As the 2012 race took shape, there was plenty of discussion about the prospect that the Vermonter would become a target of Karl Rove and the right-wing money machine. After all, says the senator, "There's nobody Wall Street likes less." Former Republican Governor Jim Douglas weighed the race seriously before deciding not to run. " Why didn't they think they could come in and shout 'socialist' and 'radical' and take me out?" asks Sanders. "I think they realized they can't roll over someone who has built real connections with people, not with thirty-second ads but by holding town meetings, by using newsletters to talk about economic issues, by taking their side when the big fights come."

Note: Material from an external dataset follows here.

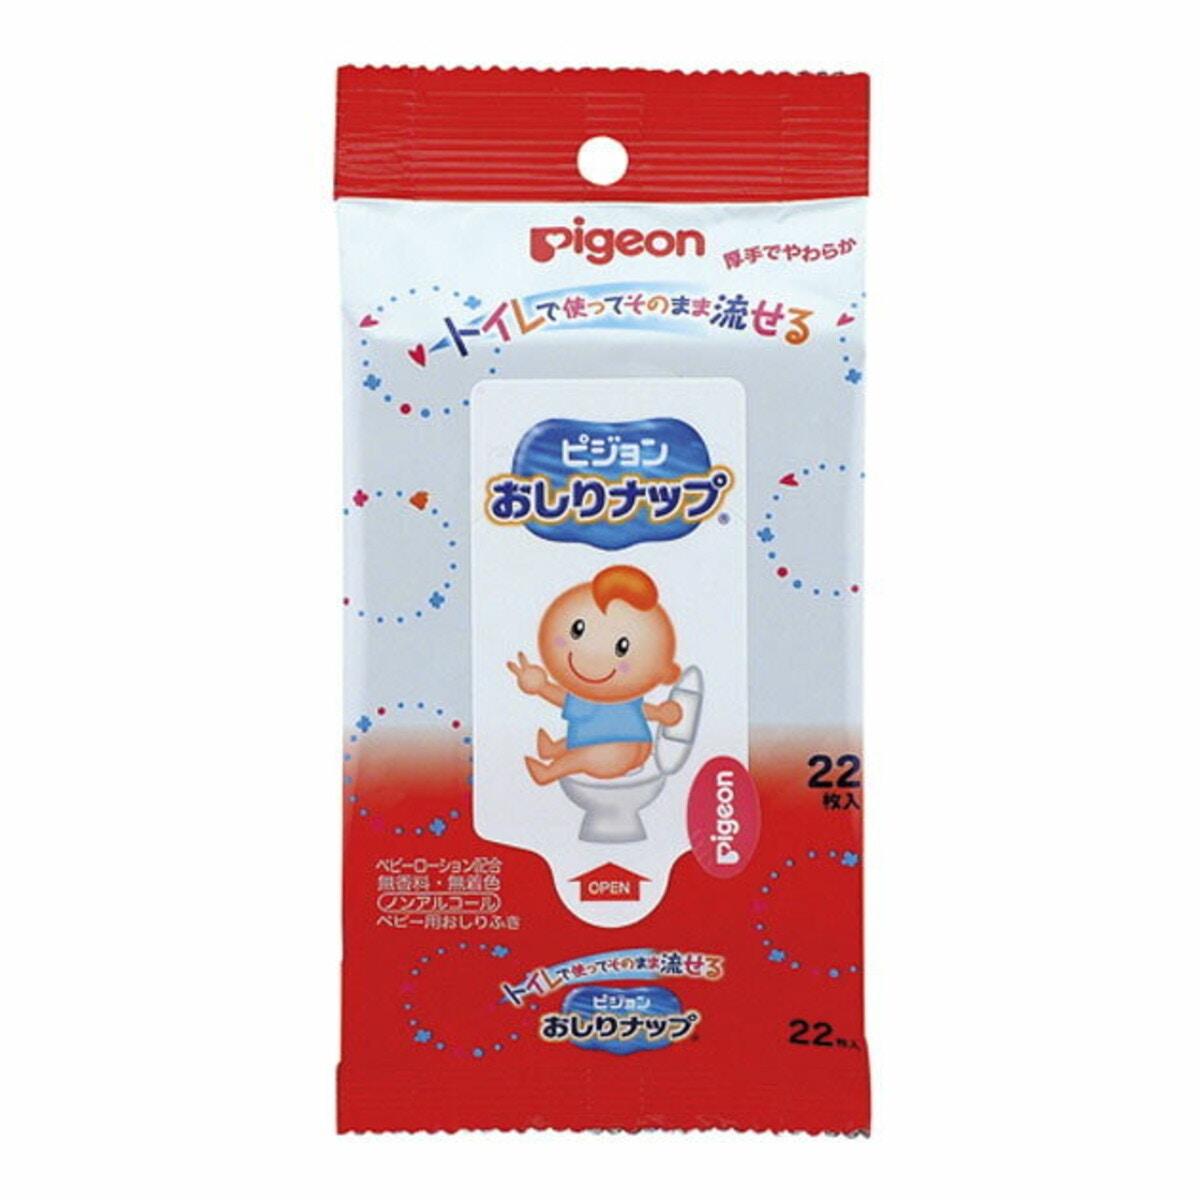 トイレ用品 Pigeon (ピジョン) トイレで使ってそのまま流せるおしりナップ おでかけ用22枚入
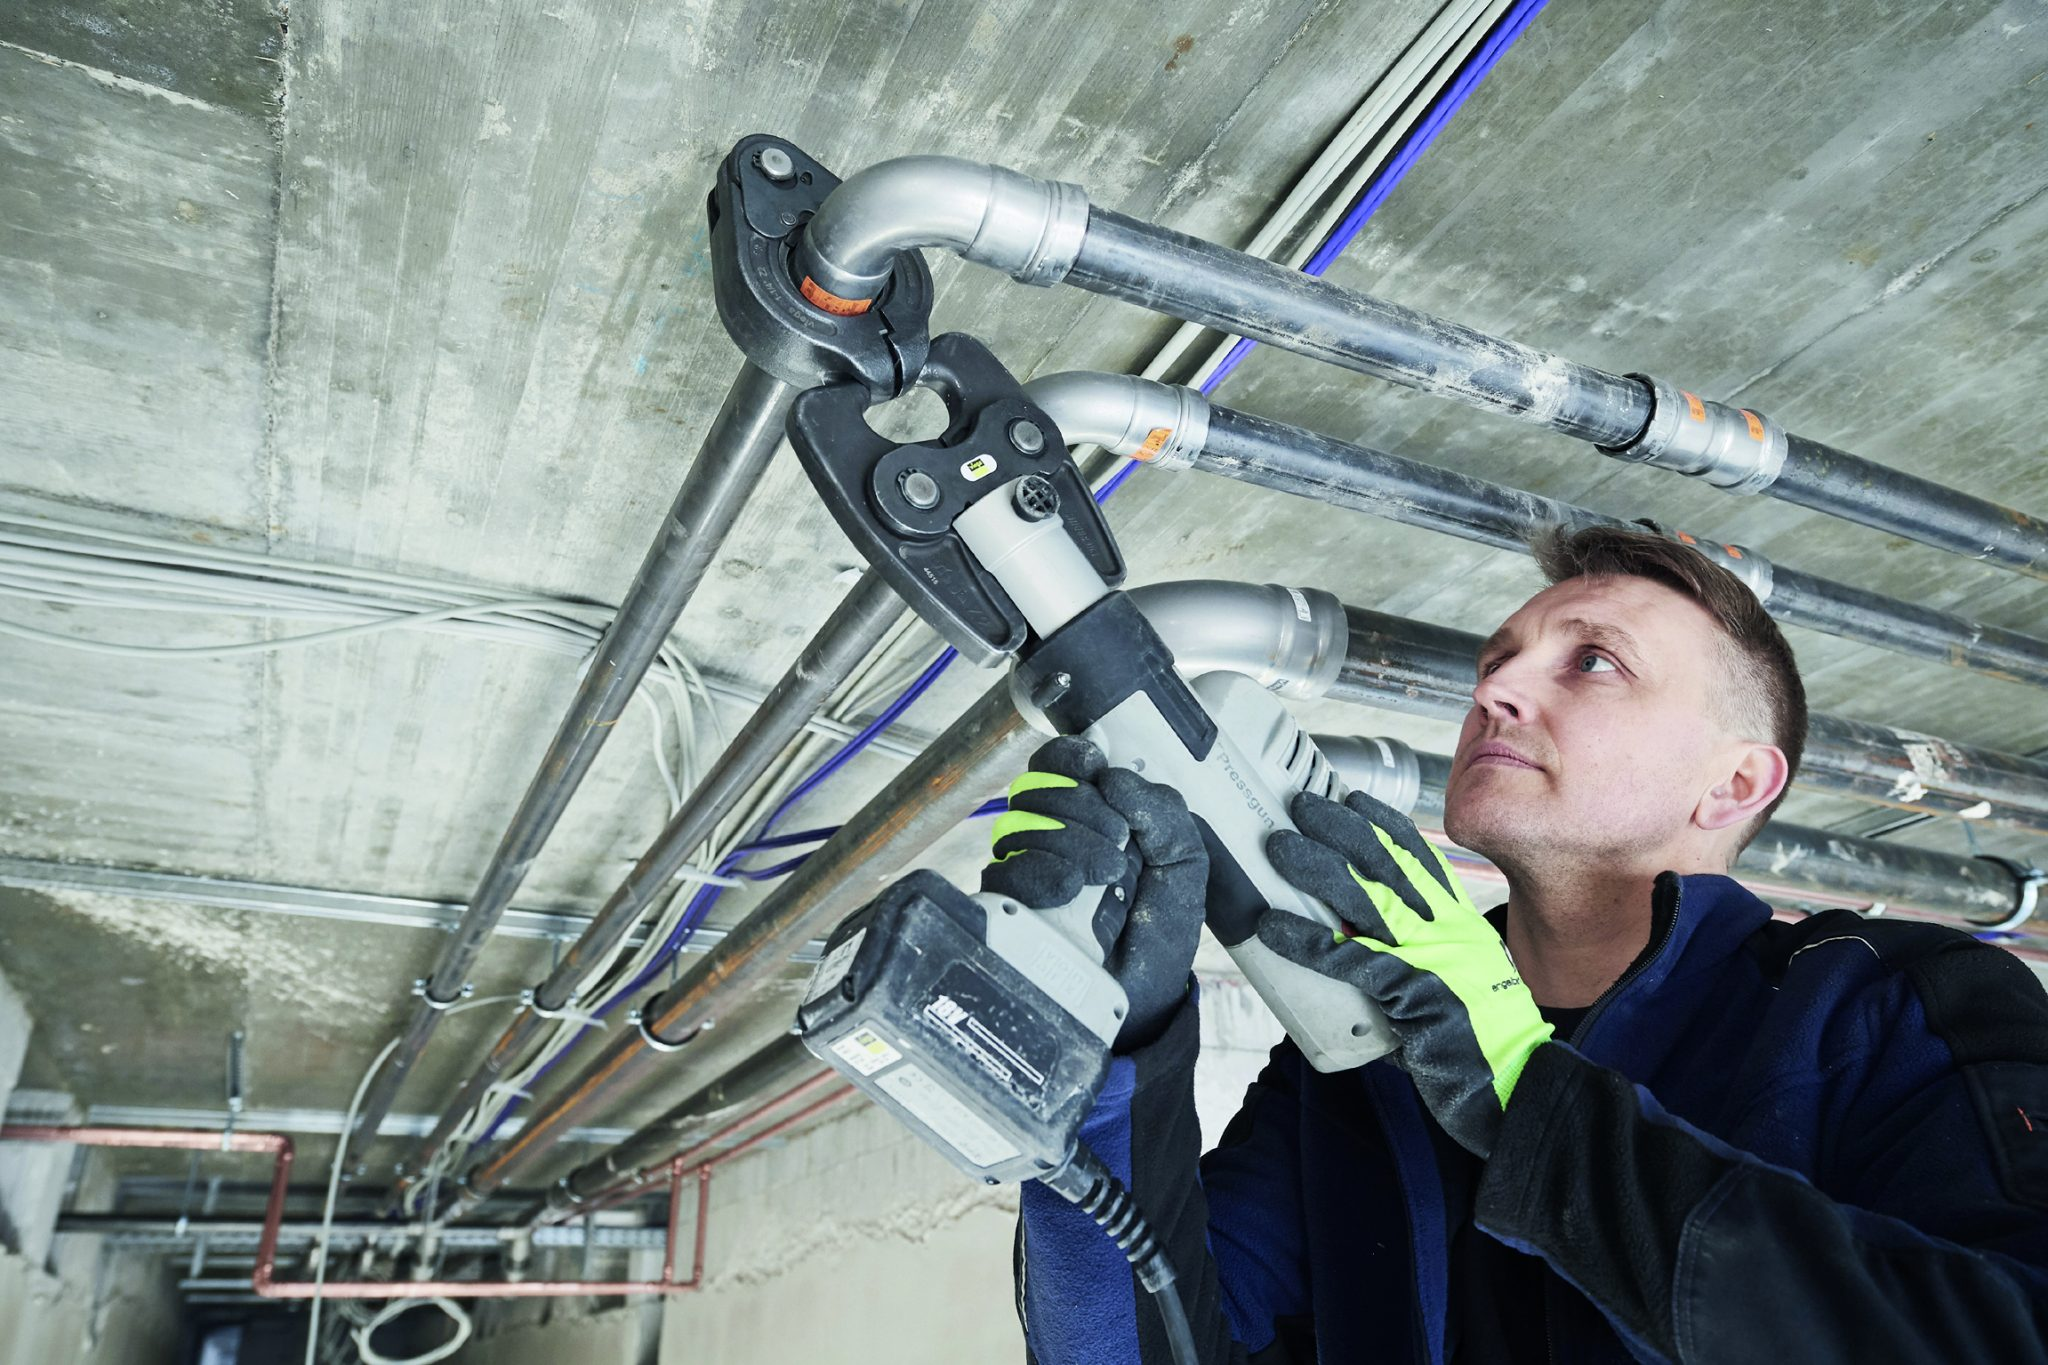 """Für SHK-Installateur Uvis Eglitis ist im Vergleich zum wesentlich aufwändigeren Schweißen die """"Megapress""""-Pressverbindungstechnik gerade bei Arbeiten dicht unter der Hallendecke eine große Erleichterung."""

That last piece of the equation is what worries Sanders most. He thought Obama and the Democrats ran far too cautious a campaign this fall. "Why, in God's name, in a tight race, did Barack Obama have a hard time saying six words: 'I will never cut Social Security'? Why won't these Democrats say: 'We will never cut Social Security'?" wonders Sanders. "If they can't say that, how are they ever going to go after Wall Street?" The American people have answers to those questions, he says: "They think it has a lot to do with where campaign money comes from." Since the election, Sanders has been cheered by the fact that Obama and the Democrats have been firm in their defenses of Social Security during the initial "fiscal cliff" negotiations. But he still worries that the bargaining could threaten Medicare and Medicare. If Democrats compromise, Sanders says, a lot of voters will believe they were unduly influenced by the money power. In the Citizens United era, the senator thinks Democrats, even (perhaps especially) progressive Democrats, need to get better at winning elections without relying on big money and the cookie-cutter strategies of campaign consultants. It's a lesson they could learn from Bernie Sanders.